Uploaded image for project: 'OpenShift Virtualization'
  1. OpenShift Virtualization
  2. CNV-19214

[2099216] VMs fail to start on some specific environment (Icelake)

XMLWordPrintable

    • CNV Virtualization Sprint 222, CNV Virtualization Sprint 223, CNV Virtualization Sprint 224, CNV Virtualization Sprint 225
    • Important
    • None

      Description of problem: I tried to create a VM with guest agent with the following spec:
      http://pastebin.test.redhat.com/1059571
      datavolume: http://pastebin.test.redhat.com/1059572
      but I get this error message on the events of the VMI:

      Events:
      Type Reason Age From Message
      ---- ------ ---- ---- -------
      Normal SuccessfulCreate 55m virtualmachine-controller Created virtual machine pod virt-launcher-test-vm-l7fw2
      Normal Created 55m virt-handler VirtualMachineInstance defined.
      Normal Started 55m virt-handler VirtualMachineInstance started.
      Warning SyncFailed 2m9s (x31 over 55m) virt-handler server error. command SyncVMI failed: "LibvirtError(Code=1, Domain=10, Message='internal error: unable to execute QEMU command 'cont': Resetting the Virtual Machine is required')"

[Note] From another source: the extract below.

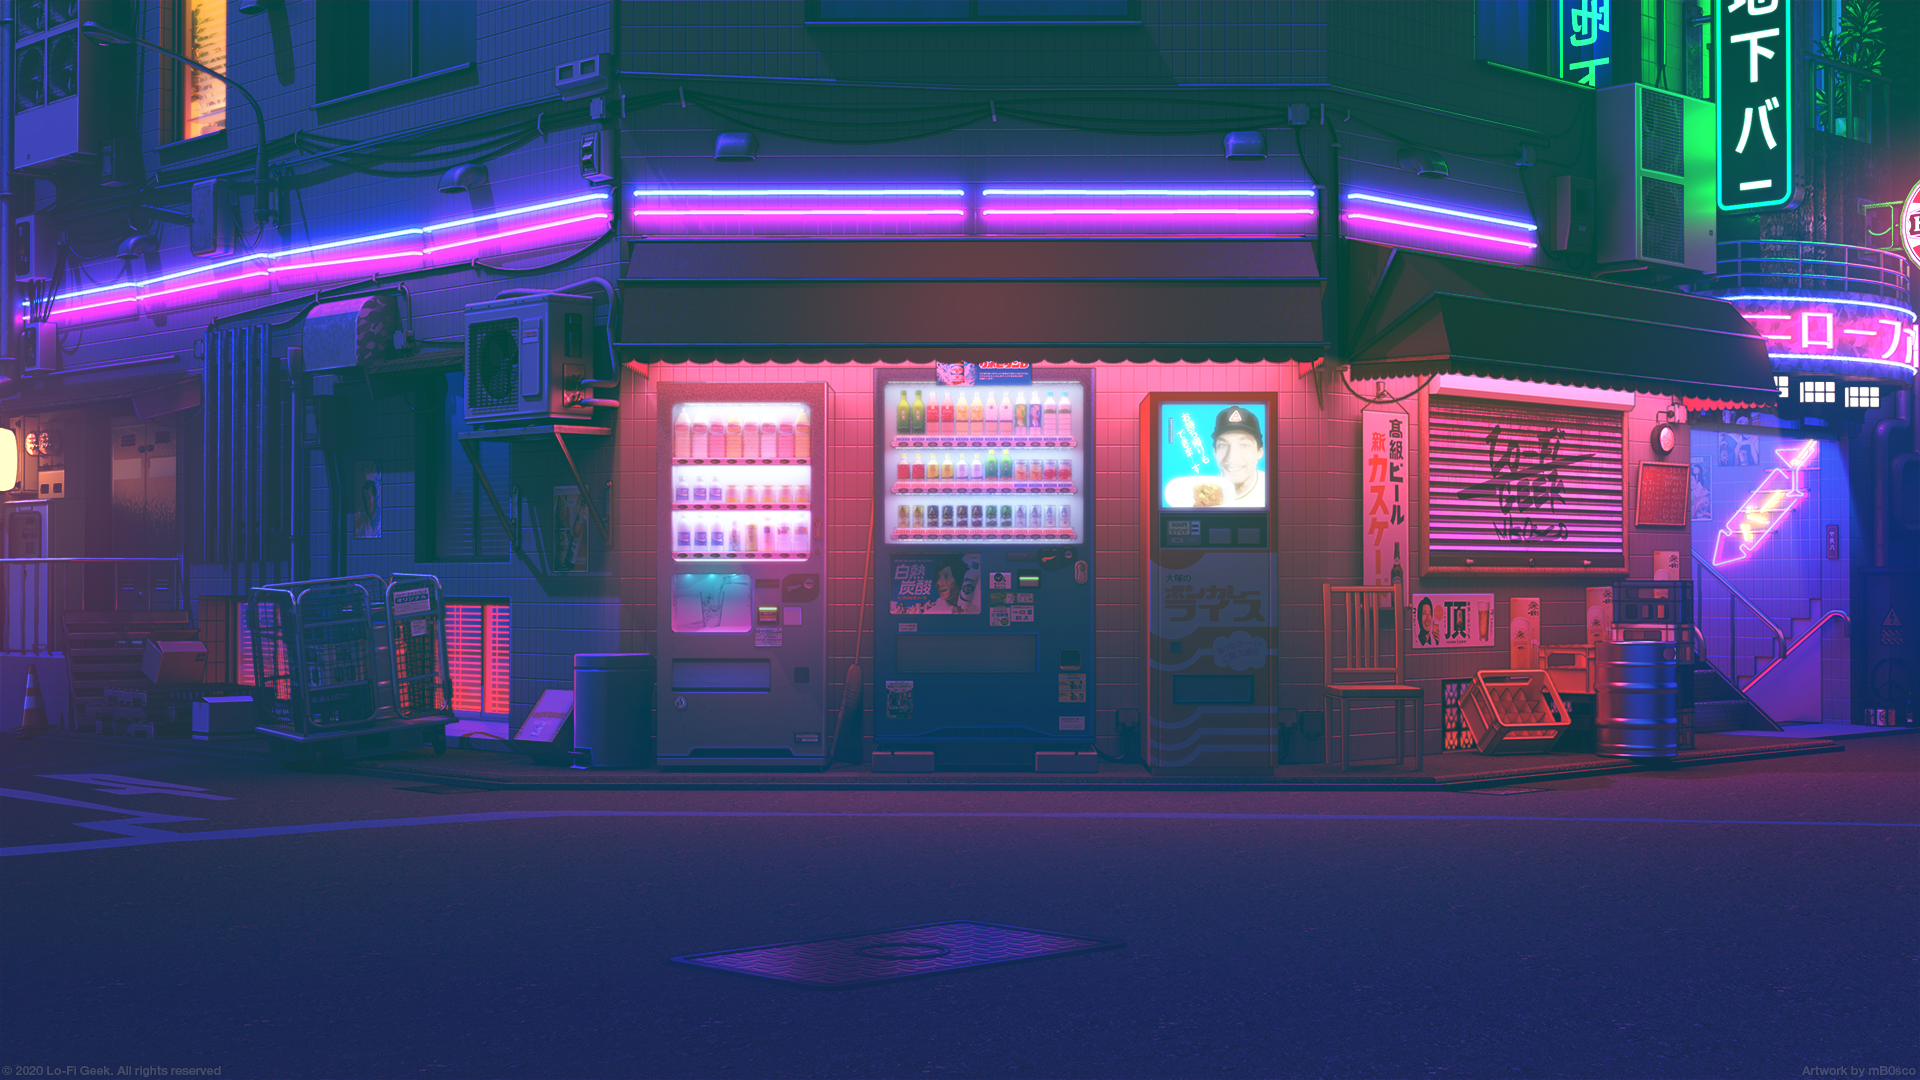 Arcade ROOM by mB0sco on DeviantArt
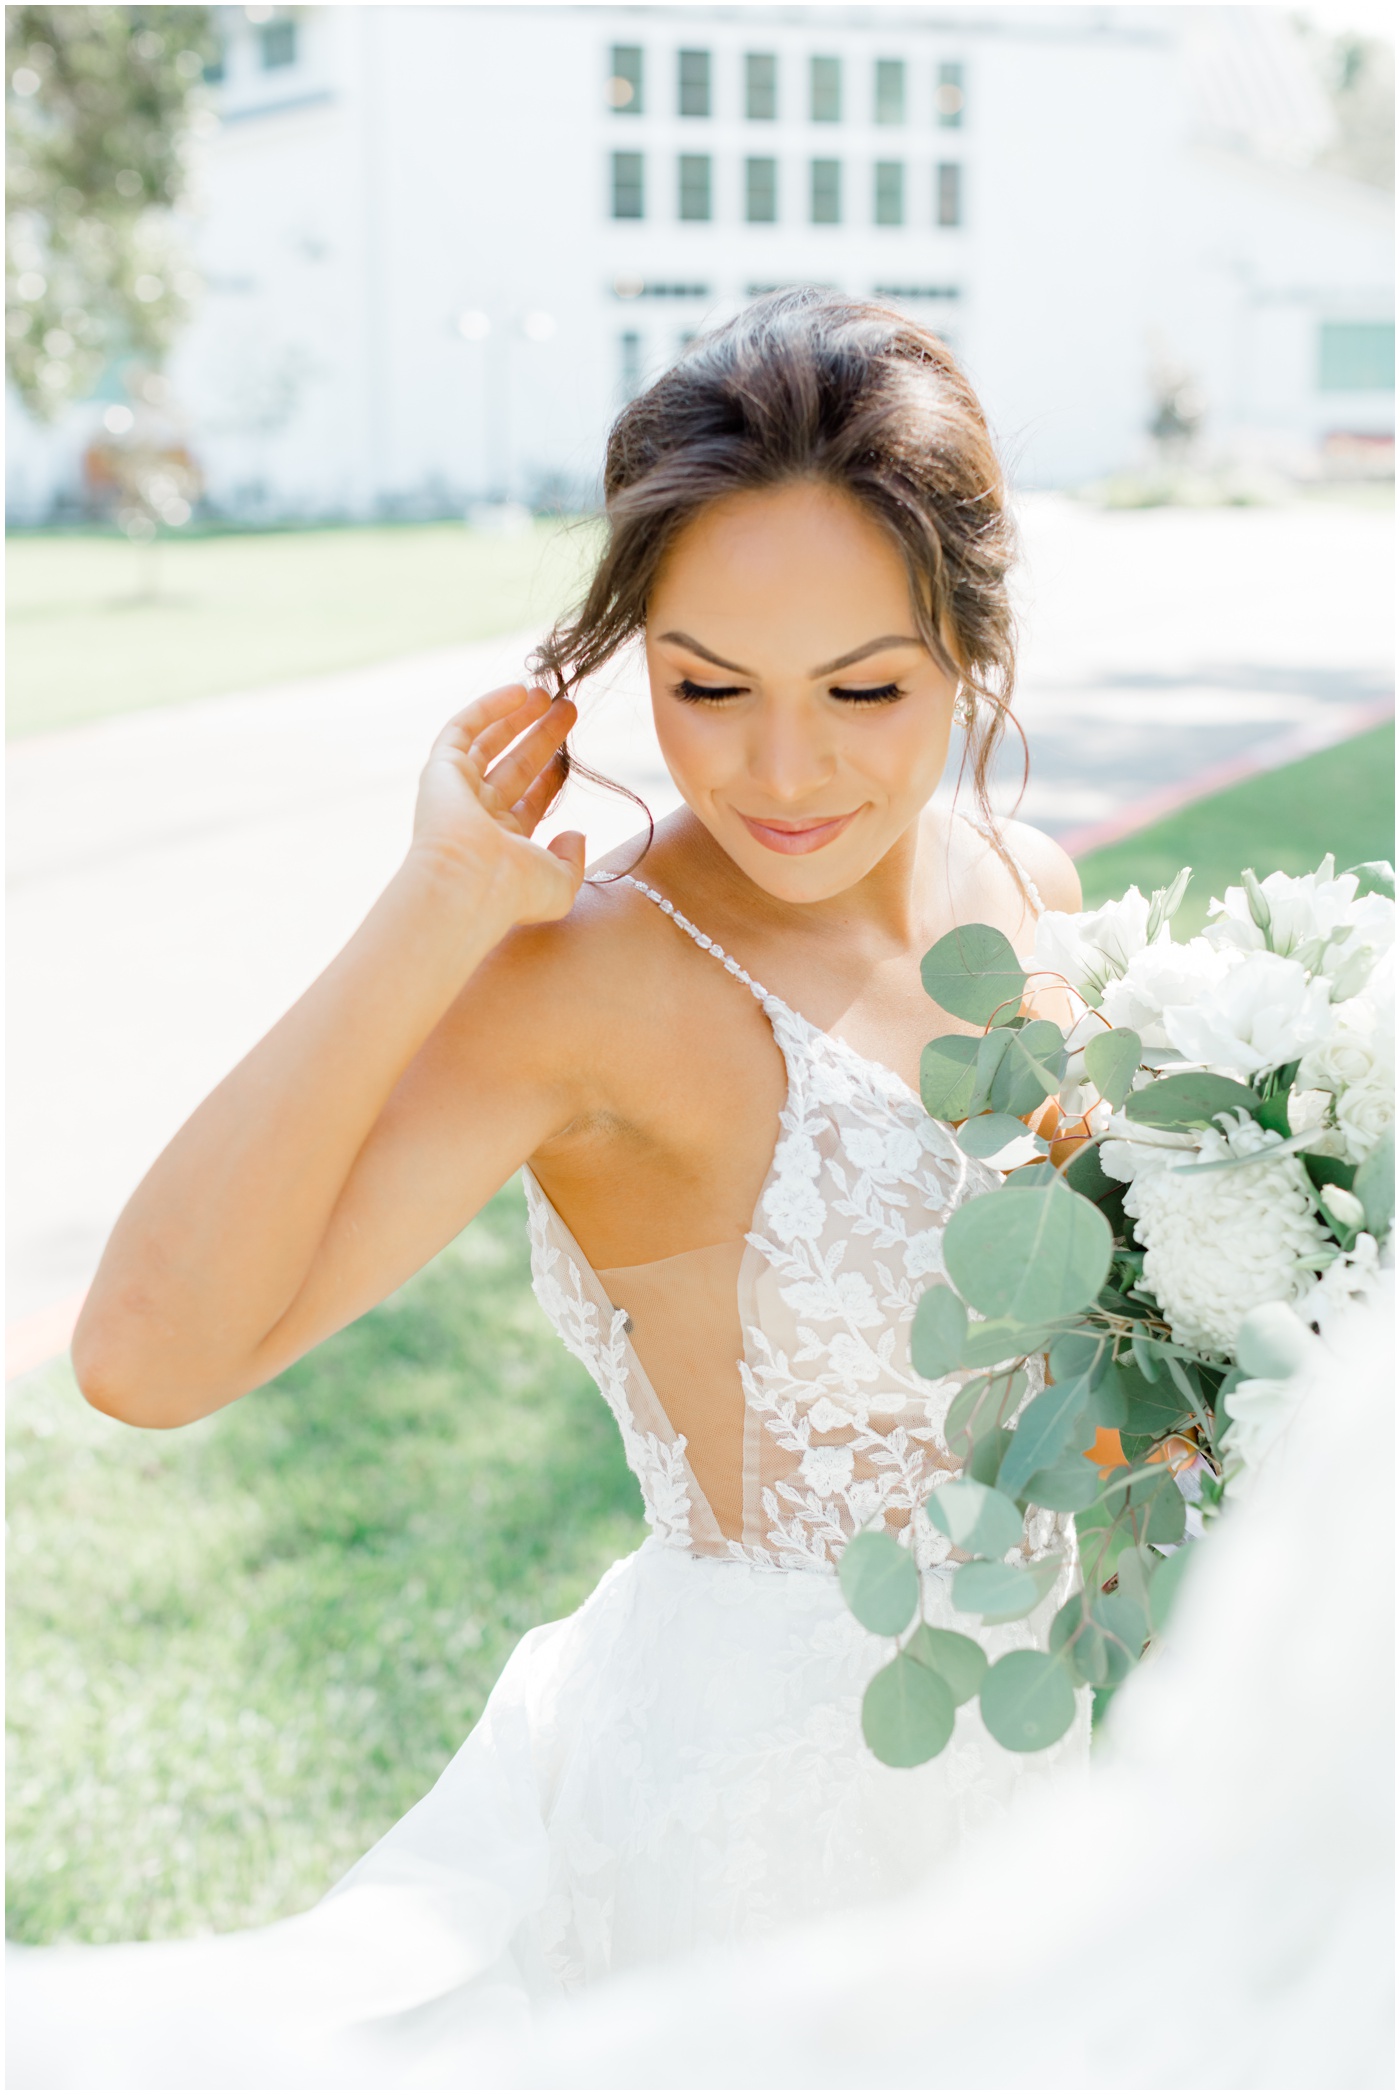 wedding photographer in Texas captures stunning bridal portrait

      I checked the logs (tail -n 200 /var/log/libvirt/qemu/*.log) in the virt-launcher pod and I noticed this error:

      -msg timestamp=on
      KVM: entry failed, hardware error 0x8
      EAX=00000000 EBX=00000000 ECX=00000000 EDX=00080661
      ESI=00000000 EDI=00000000 EBP=00000000 ESP=00000000
      EIP=0000fff0 EFL=00000002 [-------] CPL=0 II=0 A20=1 SMM=0 HLT=0
      ES =0000 00000000 0000ffff 00009300
      CS =f000 ffff0000 0000ffff 00009b00
      SS =0000 00000000 0000ffff 00009300
      DS =0000 00000000 0000ffff 00009300
      FS =0000 00000000 0000ffff 00009300
      GS =0000 00000000 0000ffff 00009300
      LDT=0000 00000000 0000ffff 00008200
      TR =0000 00000000 0000ffff 00008b00
      GDT= 00000000 0000ffff
      IDT= 00000000 0000ffff
      CR0=60000010 CR2=00000000 CR3=00000000 CR4=00000000
      DR0=0000000000000000 DR1=0000000000000000 DR2=0000000000000000 DR3=0000000000000000
      DR6=00000000ffff0ff0 DR7=0000000000000400
      EFER=0000000000000000
      Code=04 66 41 eb f1 66 83 c9 ff 66 89 c8 66 5b 66 5e 66 5f 66 c3 <ea> 5b e0 00 f0 30 36 2f 32 33 2f 39 39 00 fc 00 ?? ?? ?? ?? ?? ?? ?? ?? ?? ?? ?? ?? ?? ??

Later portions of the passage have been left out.